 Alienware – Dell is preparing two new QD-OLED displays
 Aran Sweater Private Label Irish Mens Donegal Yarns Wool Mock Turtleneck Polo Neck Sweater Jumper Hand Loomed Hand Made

::::::

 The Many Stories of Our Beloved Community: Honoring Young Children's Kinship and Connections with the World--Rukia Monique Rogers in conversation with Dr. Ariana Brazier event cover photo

::::::

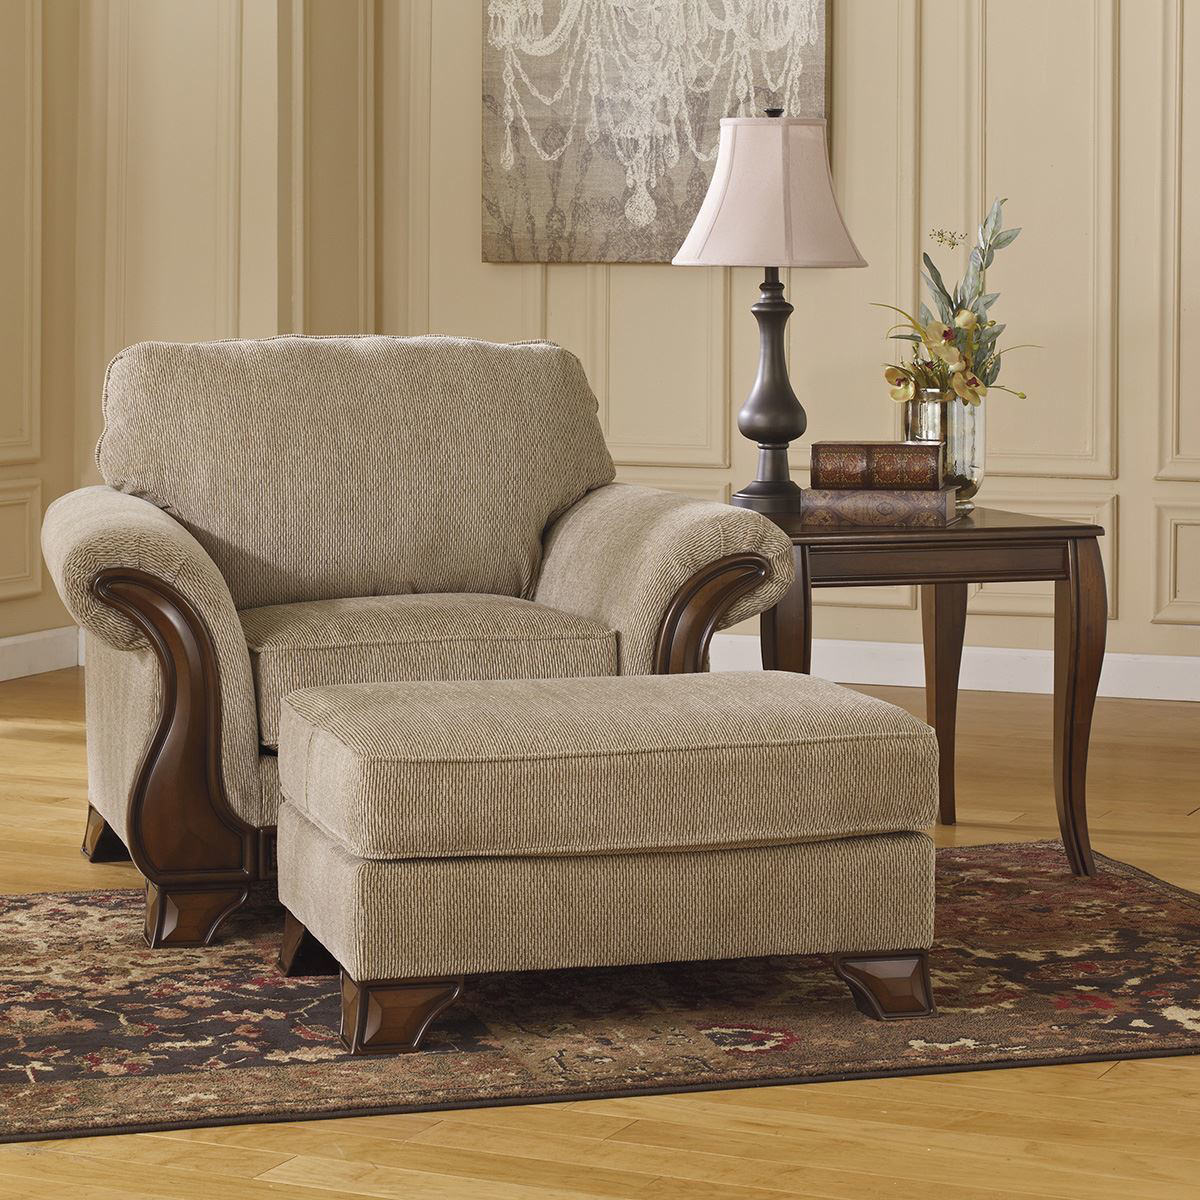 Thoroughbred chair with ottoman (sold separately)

::::::

* [What you are asked to do]:
All lines above from the one with "Alienware – Dell" to the one with "Aran Sweater Private", inclusive, should be copied exactly, and no other lines.

* [Answer space]:
 Alienware – Dell is preparing two new QD-OLED displays
 Aran Sweater Private Label Irish Mens Donegal Yarns Wool Mock Turtleneck Polo Neck Sweater Jumper Hand Loomed Hand Made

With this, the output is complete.